■ **TO DO**:
Go through the data below and copy it exactly, skipping every picture.

■ **SUPPLIED INFORMATION**:

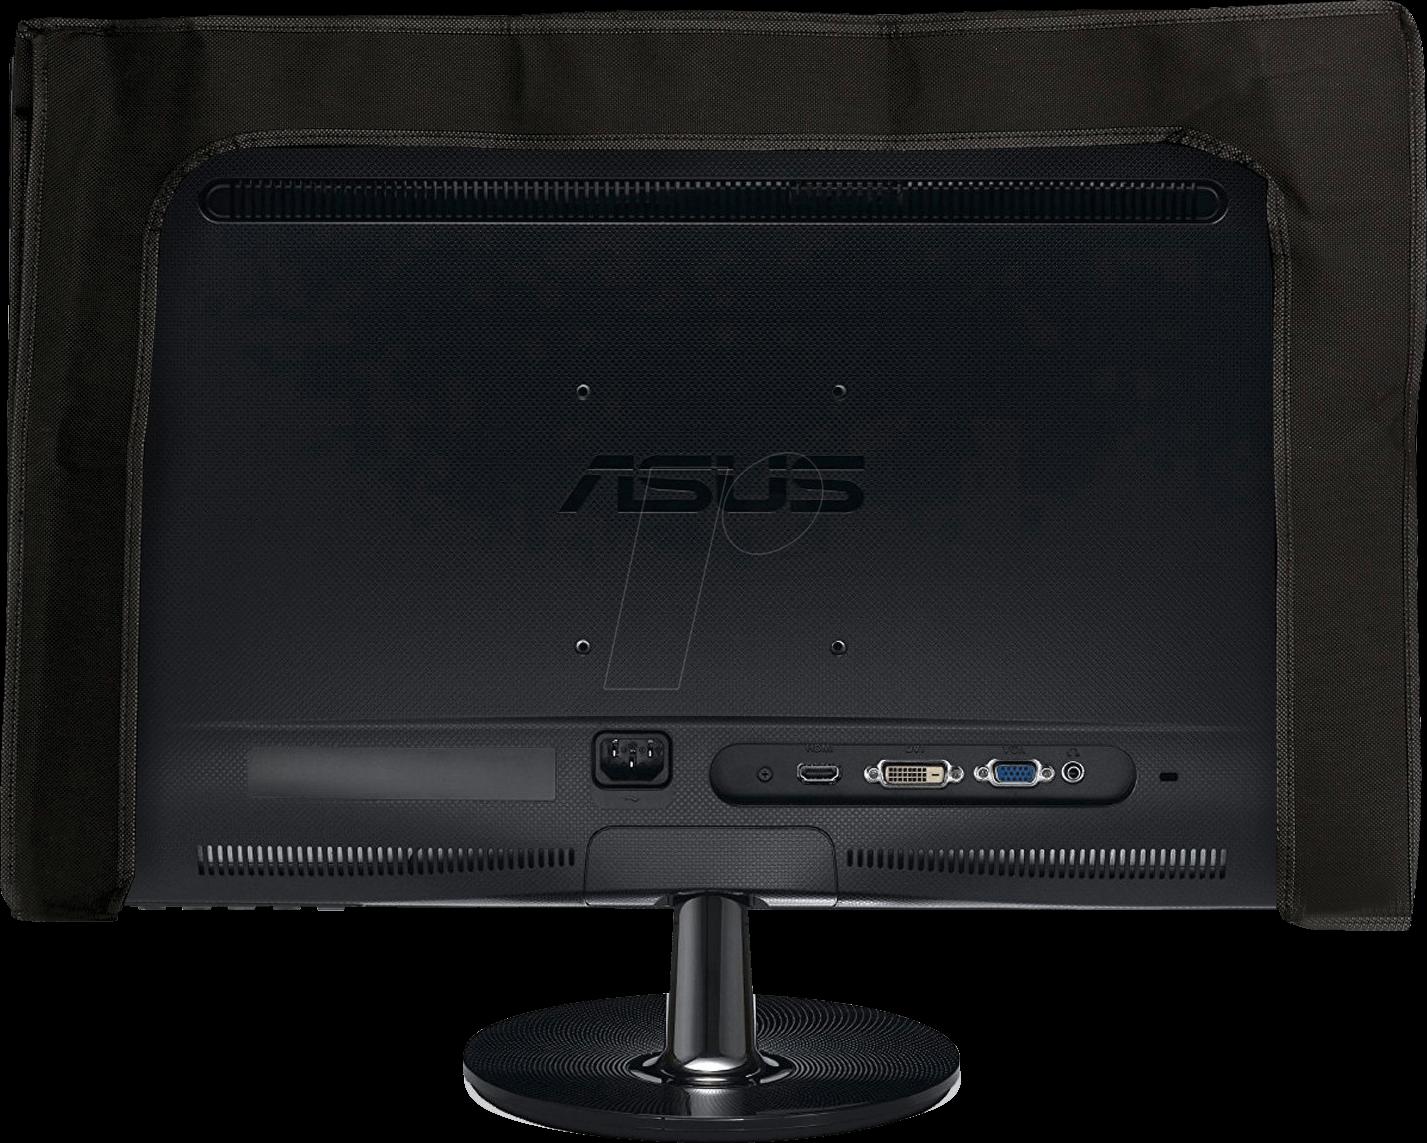 Kw 4361801 Bildschirm Schutzhülle 24 26 Monitor Schwarz Weiß
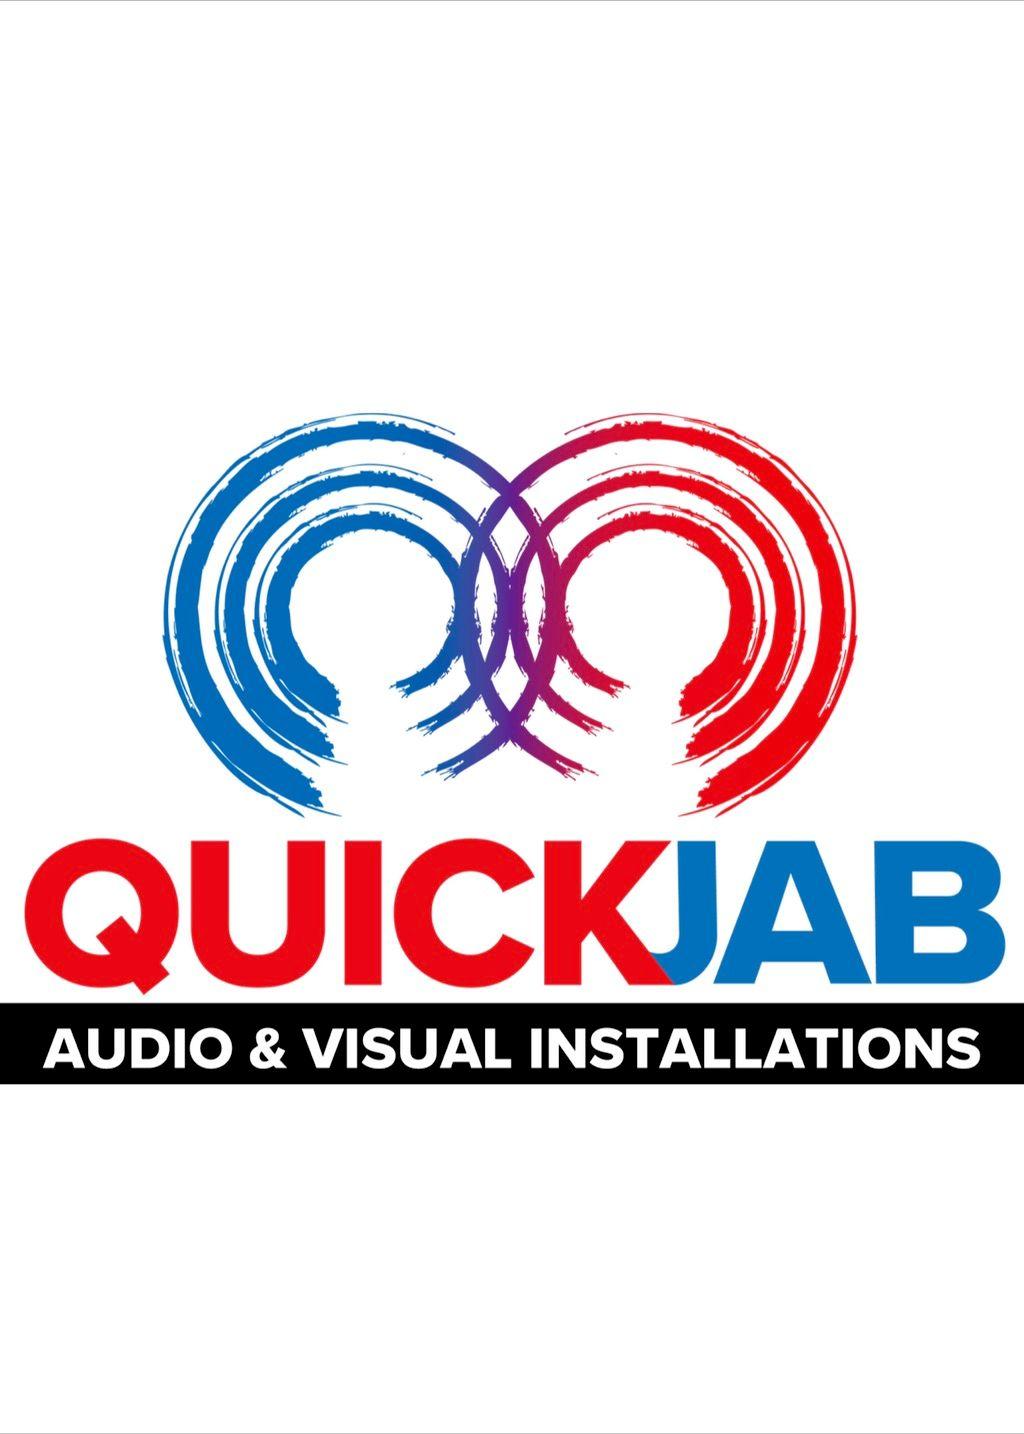 Quick JAB AV Installations
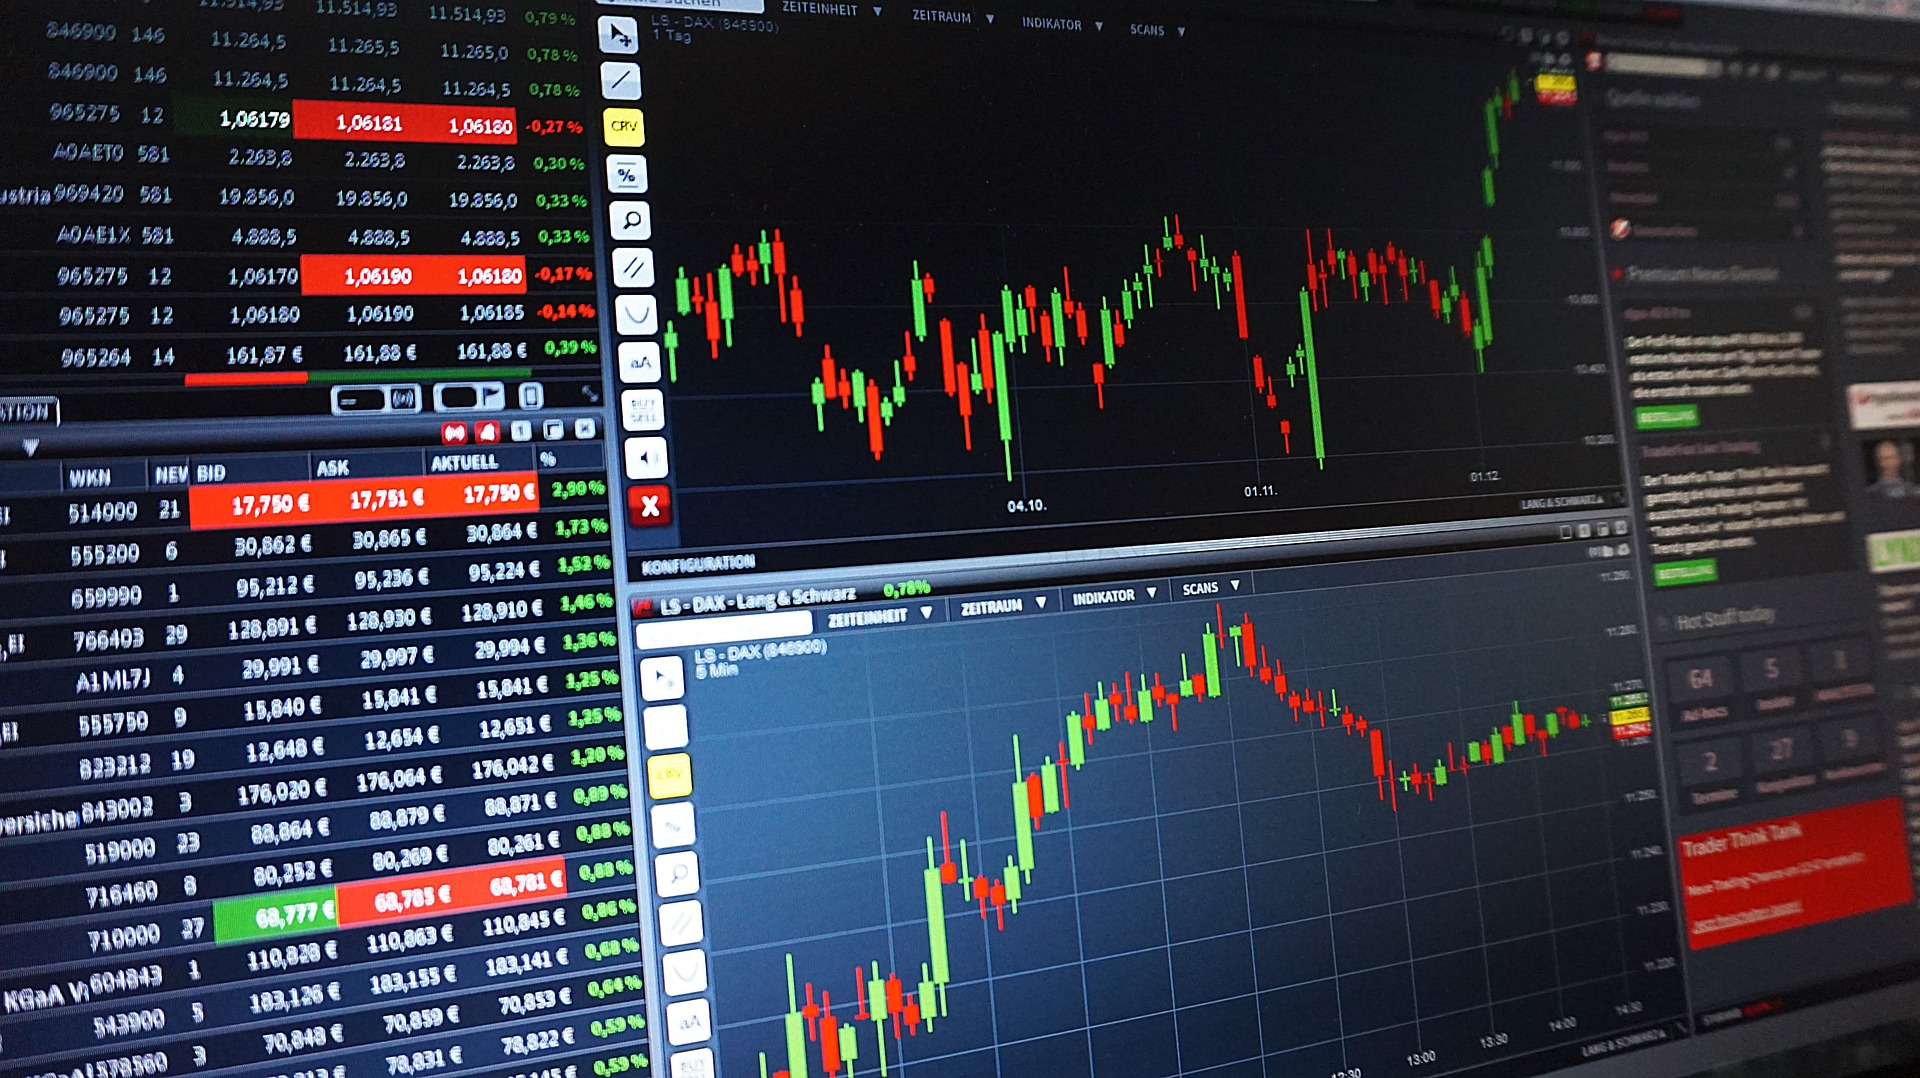 reakcje na światowych giełdach

■ **WRITTEN ANSWER**:
 Kw 4361801 Bildschirm Schutzhülle 24 26 Monitor Schwarz Weiß
 Quick JAB AV Installations
 reakcje na światowych giełdach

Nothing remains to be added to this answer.